Unfortunately, when the stone fell amidst the fiery destruction of the city, its left edge broke off. The Hebrew, of course, reads from right to left; as a result of the break, the concluding letters of the inscription are missing. All efforts by the archaeologists to find the remaining piece of stone have proved unavailing.
The letters that were recovered, however, are beautifully preserved and exquisitely carved in a fine Herodian style. The inscription consists of two words about which there can be no question, and a third word cut off somewhere in the middle.
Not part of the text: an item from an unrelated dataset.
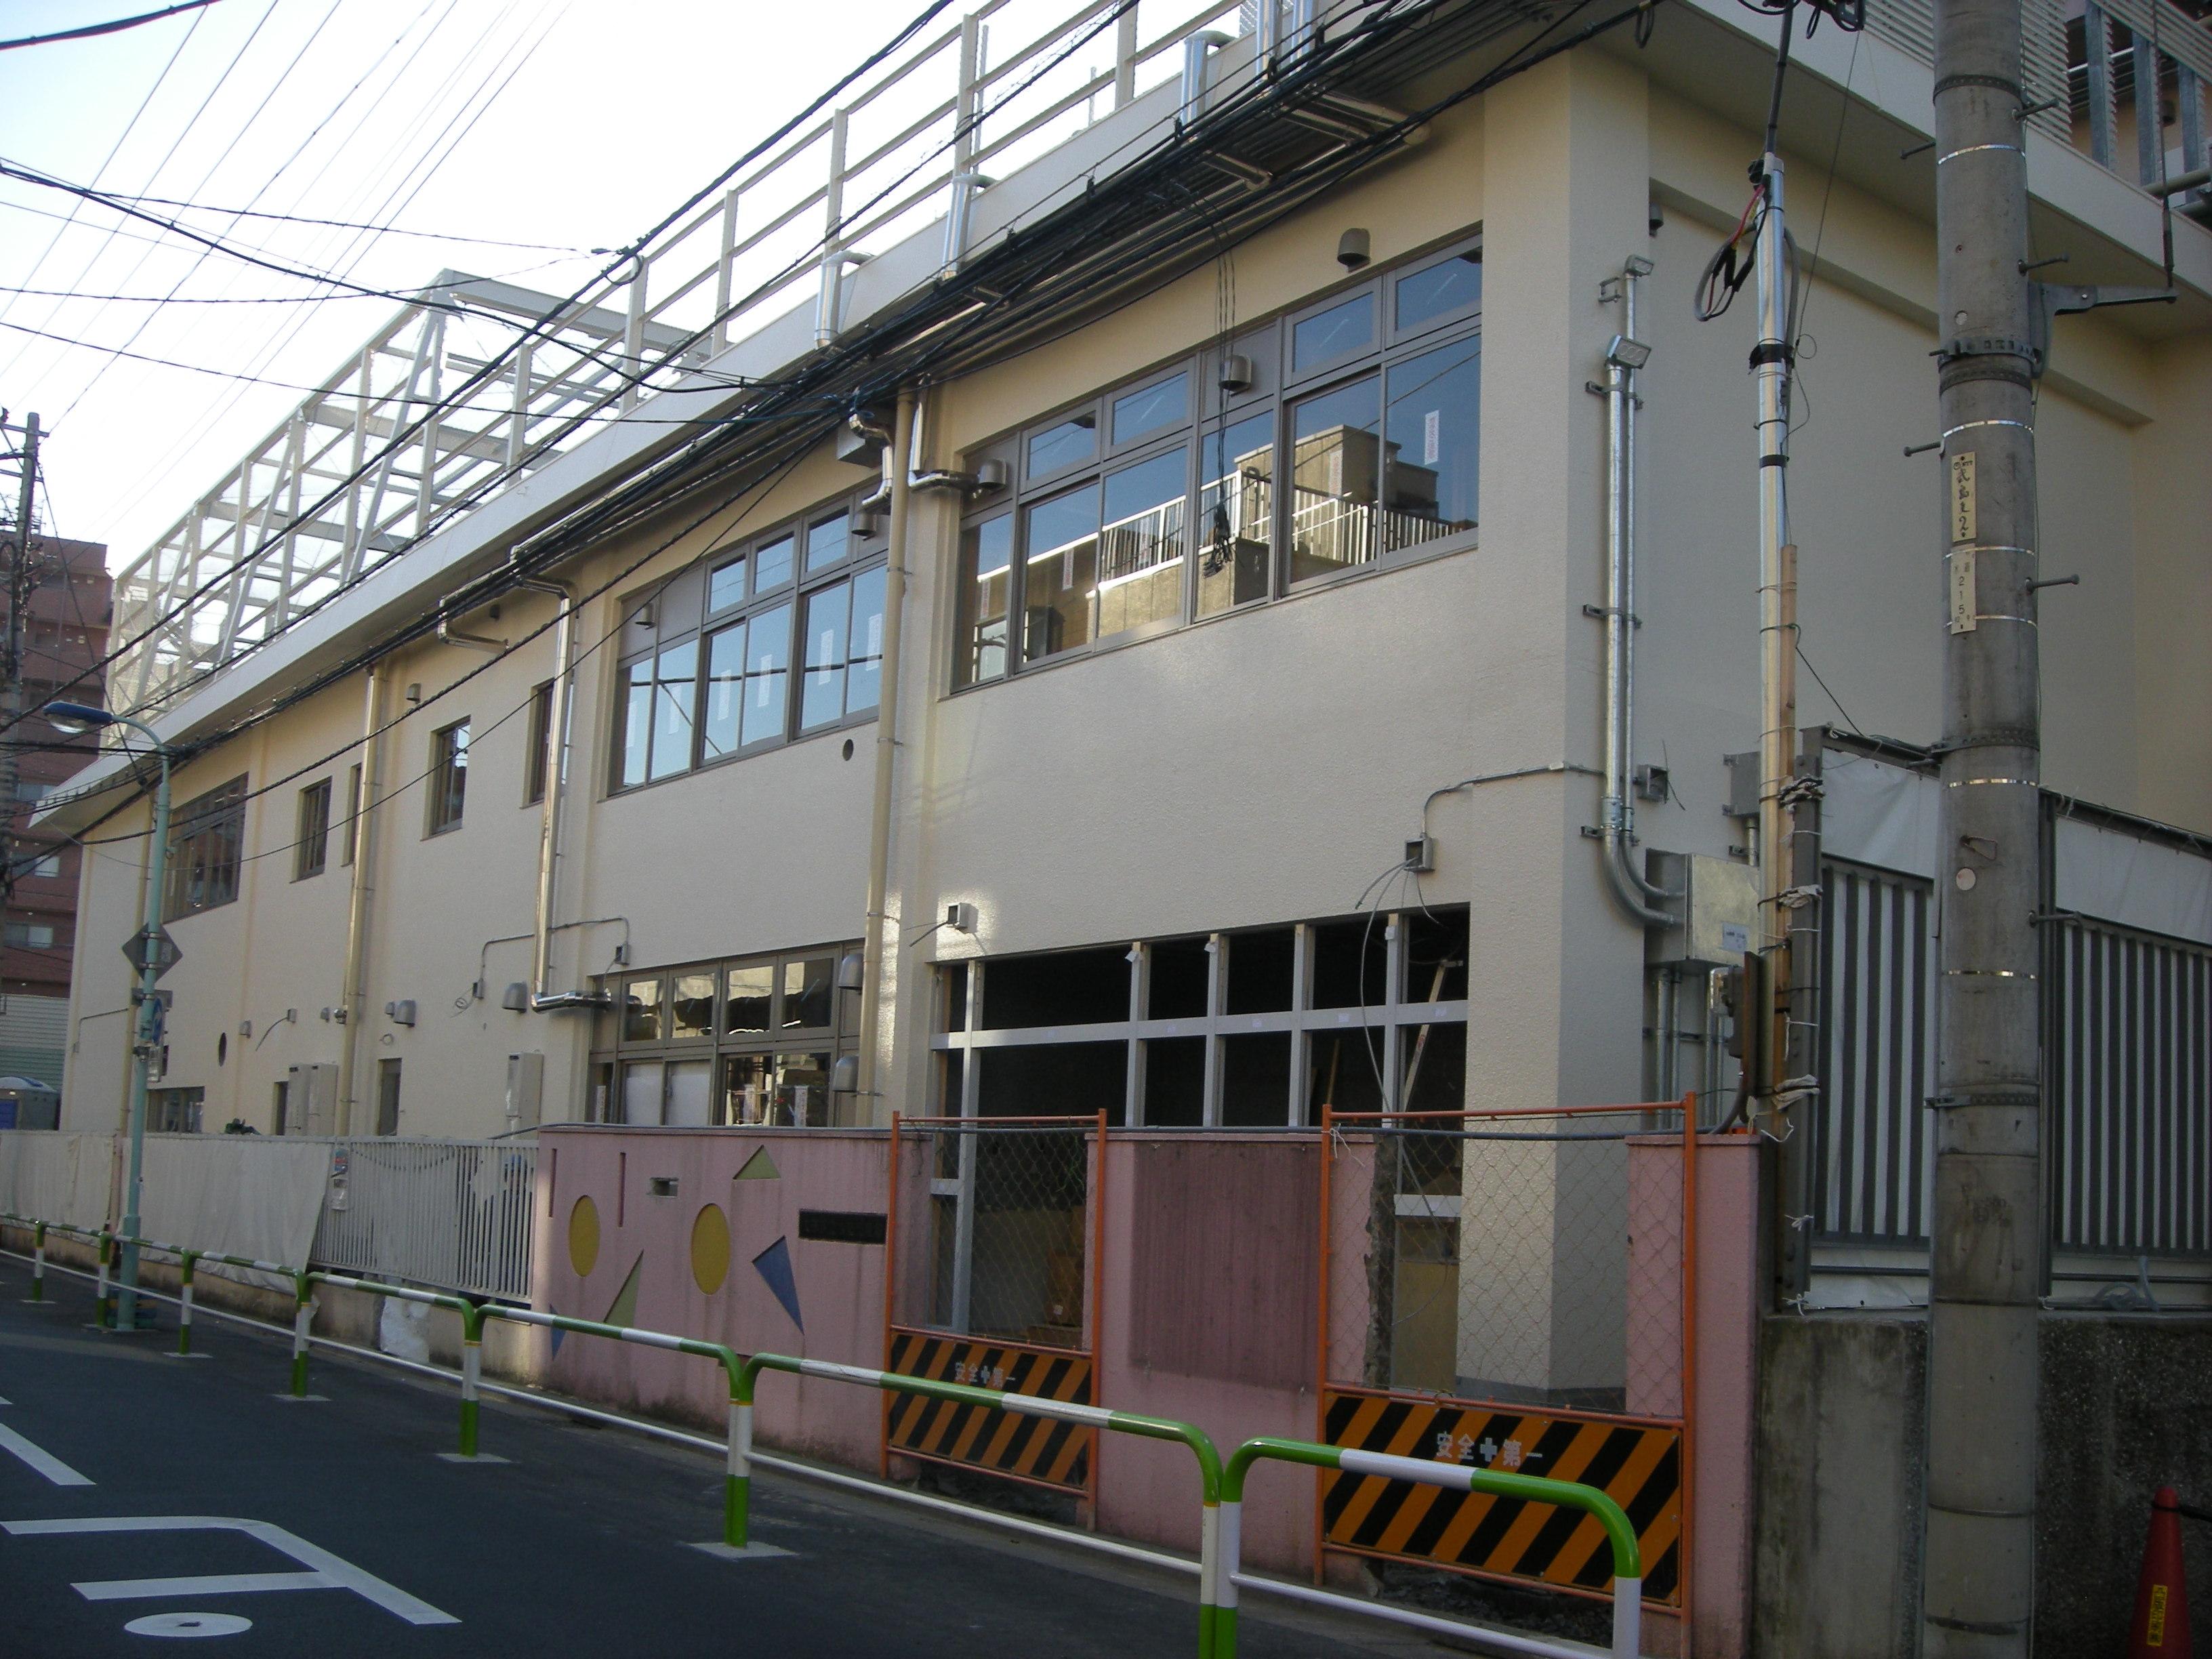 aaeeyeaccaoaeccn-002.JPG

It reads as follows:
LBYT HTQY‘H LH[?]
The first two words are vocalized in Hebrew as follows:
“l’bet hatteqi‘ah.”
These two words clearly mean:
“(Belonging) to the place (literally, house) of trumpeting.”
Though the letters are clearly written, the spacing between them and between the words is not always uniform. But this presents no problem to interpretation.
This inscription was, in effect, the sign at the place, or niche, where the priests blew the trumpet on the roof of the southwestern corner of the Temple Mount to inform the people that the Sabbath had begun and, similarly, to announce the end of the sacred period.2
Josephus, the first-century Jewish historian, describes this station in some detail in his classic account of the Jewish revolt against Rome. Some of the Jewish rebels had built towers on the Temple Mount to increase the elevation from which they could hurl stone missiles at the Roman legionaries below. The fourth, and last, tower, Josephus says:3
“was erected above the roof of the priests’ chambers, at the point where it was the custom for one of the priests to stand and to give notice, by sound of trumpet, in the afternoon of the approach, and on the following evening of the close, of every seventh day, announcing to the people the respective hours for ceasing work and for resuming their labors.”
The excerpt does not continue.